Search code examples
pythonregex

Output compiler error to a txt file in python


I'm a beginner using python. I want to create a regular expression to capture error messages from compiler output in python. How would I do this?

for example, if the compiler output is the following error message:

Traceback (most recent call last):
  File "sample.py", line 1, in <module>
    hello
NameError: name 'hello' is not defined

I want to be able to only extract only the following string from the output:

NameError: name 'hello' is not defined

In this case there is only one error, however I want to extract all the errors the compiler outputs. How do I do this using regular expressions? Or if there is an easier way, I'm open to suggestions


Solution

  • r'Traceback \(most recent call last\):\n(?:[ ]+.*\n)*(\w+: .*)'
    

    should extract your exception; a traceback contains lines that all start with whitespace except for the exception line.
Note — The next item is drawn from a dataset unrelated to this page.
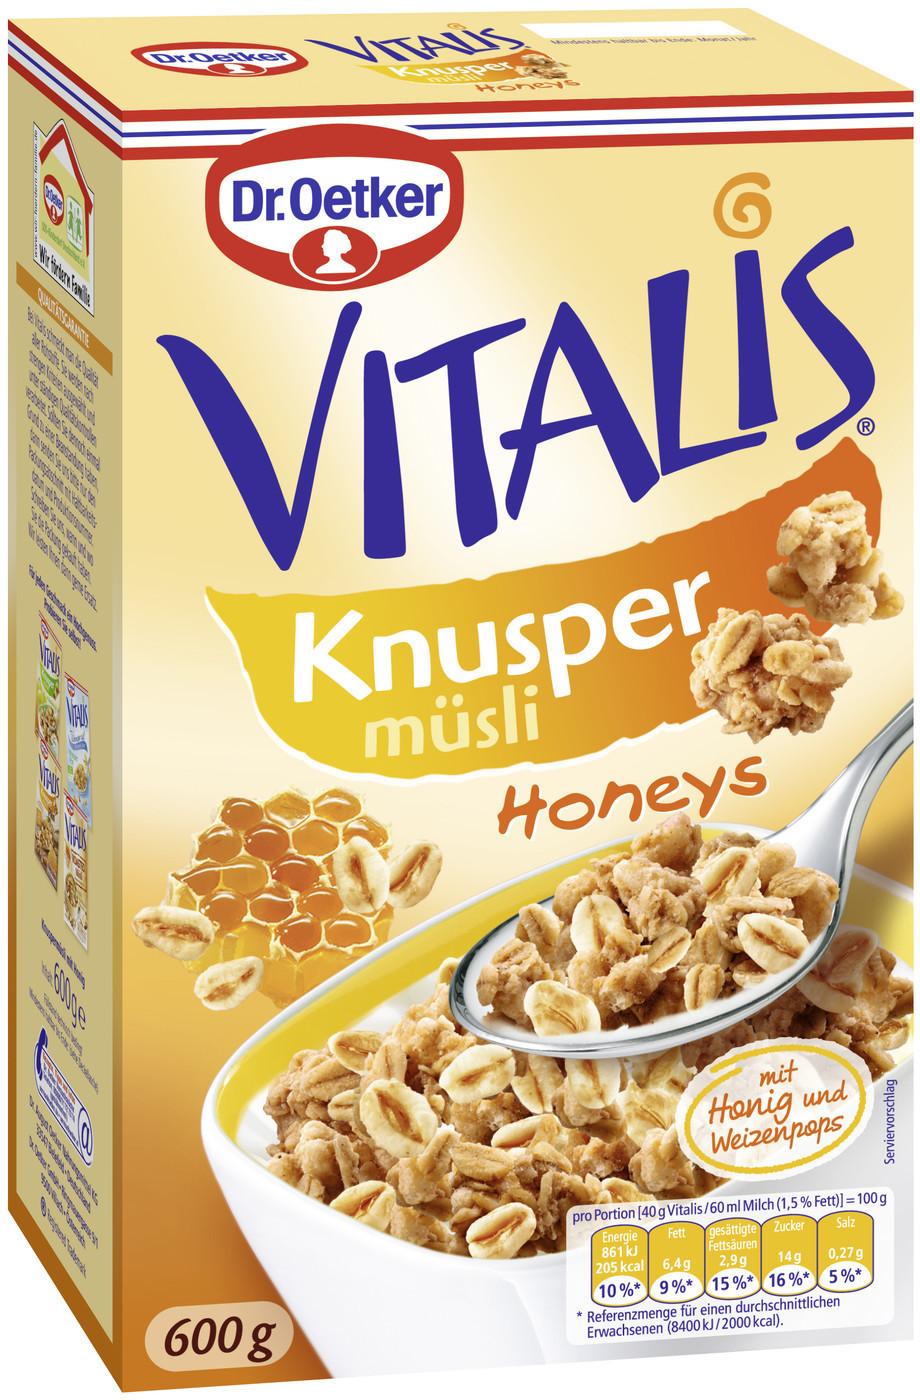 Dr. Oetker Vitalis Knusper Honeys (600 g)

    The above matches the literal text of the traceback first line, 0 or more lines that start with at least one space, and then captures the line following that provided it starts with 1 or more word characters (which fits Python identifiers nicely), a colon, and then the rest up to the end of a line.

    Demo:

    >>> import re
    >>> sample = '''\
    ... Traceback (most recent call last):
    ...   File "sample.py", line 1, in <module>
    ...     hello
    ... NameError: name 'hello' is not defined
    ... '''
    >>> re.search(r'Traceback \(most recent call last\):\n(?:[ ]+.*\n)*(\w+: .*)', sample).groups()
    ("NameError: name 'hello' is not defined",)